Saturday, November 19, 2005

Unprofitable Servants.

Geerhardus Vos has written:
“…we must observe that there is a fundamental difference between the manner in which Judaism conceived of the principle of reward and Jesus’ conception of the same as regards the necessity with which this principle was believed to operate. Accordingly to the Jews this was a legal necessity; the fulfillment of the law being inherently worthy of and entitled to the reward following it. Hence also there existed between the two a ratio of strict equivalence, so much being given for so much. Jesus plainly taught that between God and man no such commercial relation can exist, not merely because this is impossible on account of man’s sin, but for the deeper reason, that God’s absolute sovereignty precludes it even under the conditions of human rectitude, because God as God is entitled, apart from every contract or stipulation of reward, to all the service or obedience man can render.
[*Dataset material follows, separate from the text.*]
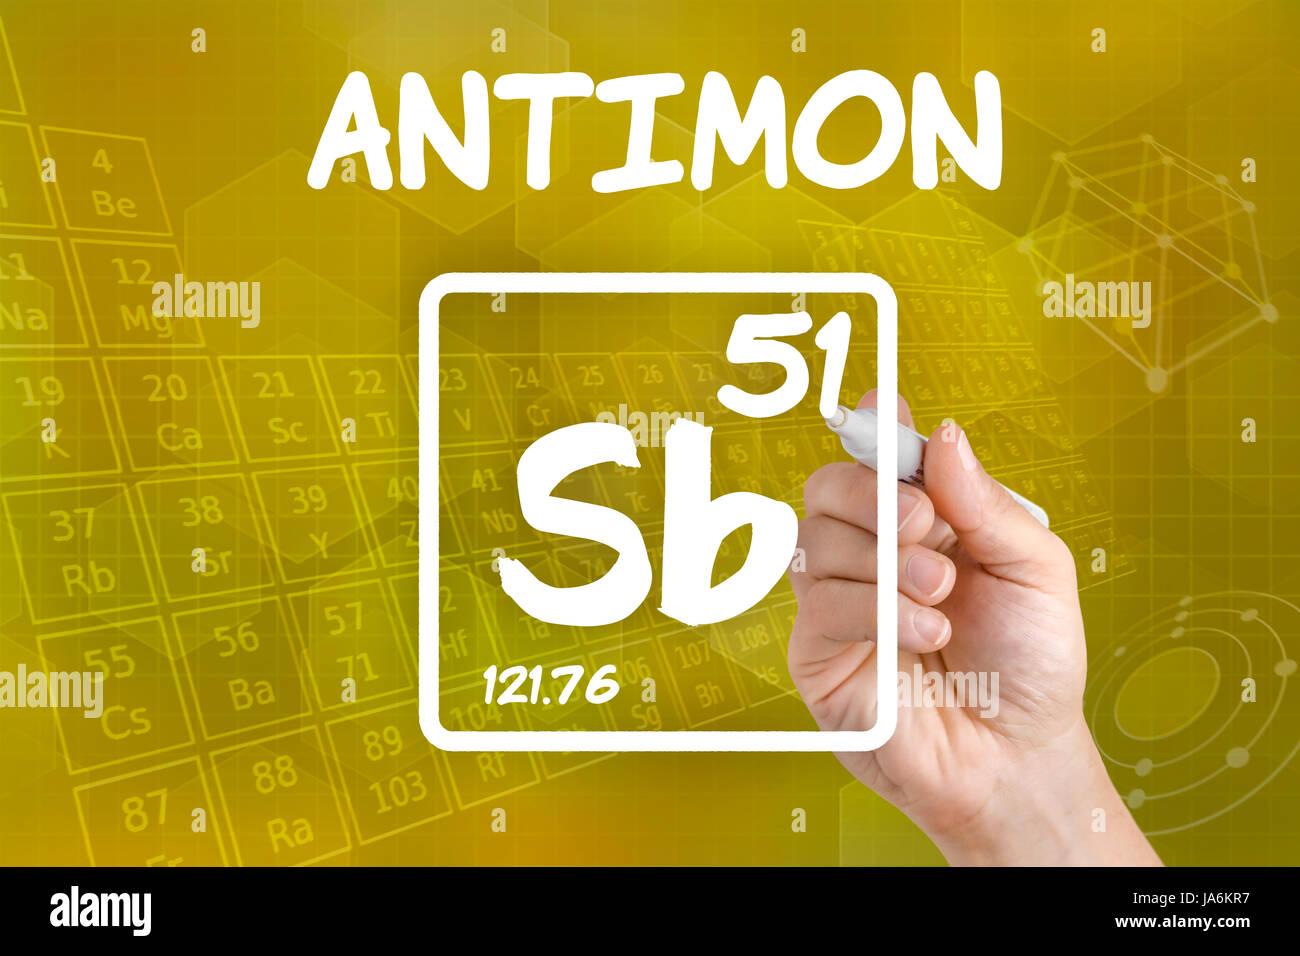 Symbol Of The Chemical Element Antimony Stock Photo 143976763 Alamy

The disciples are “unprofitable servants,” even after they have done everything required of them, Lk. xvii. 10. They are “unprofitable” not in the sense that their labors are useless, but in the sense that they can do no more for God their owner, than he can naturally expect of them.”
(Vos, Geerhardus, The Teaching of Jesus Concerning the Kingdom of God and the Church, Wipf and Stock Publishers, Eugene, Or., 1998, pp. 121-122.)